Updated v1.0.1 5/21/2010 - Improved the exception handling, and changed xrange(len(inputstring)) to xrange(len(inputstring)-nlen+1)). Thanks to colleague Arik Baratz!

Recently, as I was trying to solve a cryptogram, I wrote a tool to parse the bigrams and trigrams from the ciphertext, tally the frequency, and then display the results sorted from most to least frequently occurring bigram and trigram.

First, a quick history of why I did this and how this was handy.

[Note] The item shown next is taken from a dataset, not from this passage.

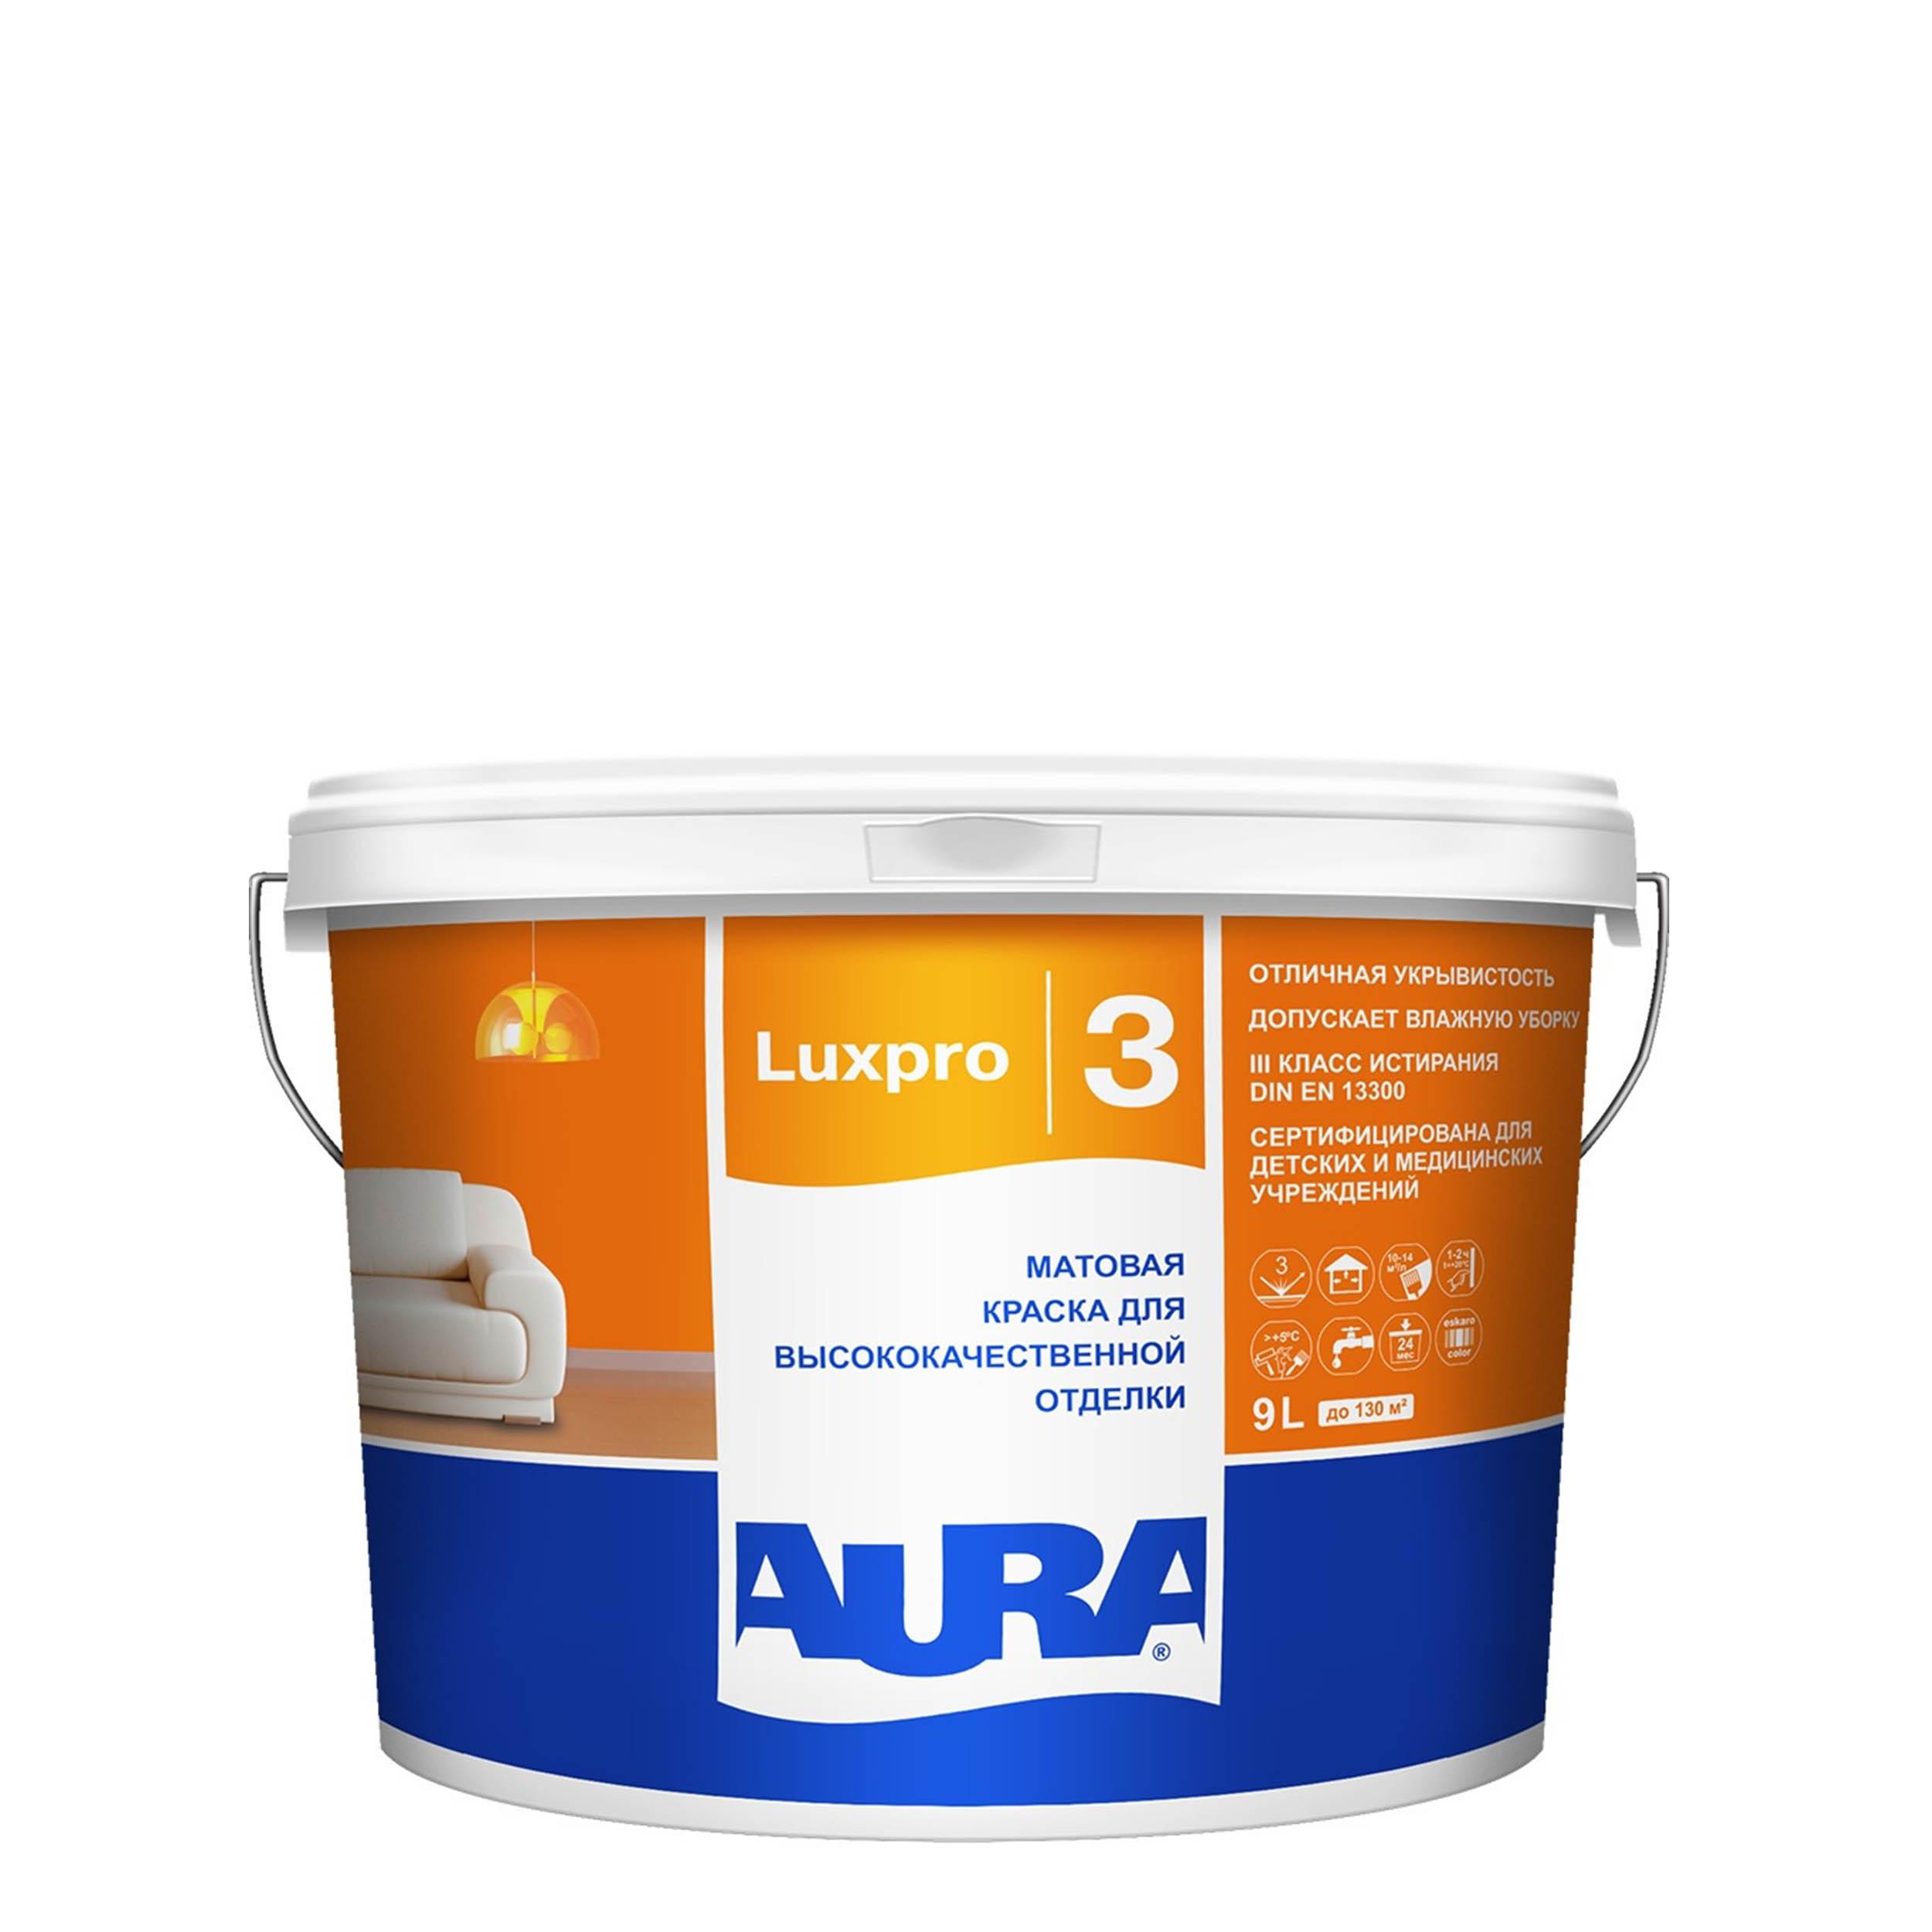 Фото 3 - Краска интерьерная, Aura LuxPRO 3, RAL 7008, 11 кг.

One of the ways to solve a substitution cipher is to do a frequency analysis. Here's a typical distribution of letters in the English language. Just as it is obvious that the letter 'e' is by far the most popular in the English language, you can also calculate the most frequently occurring bigram (2 consecutive characters) and trigram (3 consecutive characters). In English, the top most frequently occurring bigrams are 'th' (1.52%), 'he' (1.28%), 'in' (0.94%) (full list from Wikipedia here). For trigrams, the most popular are ' th' (note the leading whitespace), 'he ' (trailing whitespace), followed by 'the' (full list here). The biggest assumption here is that the plaintext is in English. If it's in say, German, then you'll have to find the corresponding statistical distribution (Wikipedia has the 1-gram frequency distribution for other languages here).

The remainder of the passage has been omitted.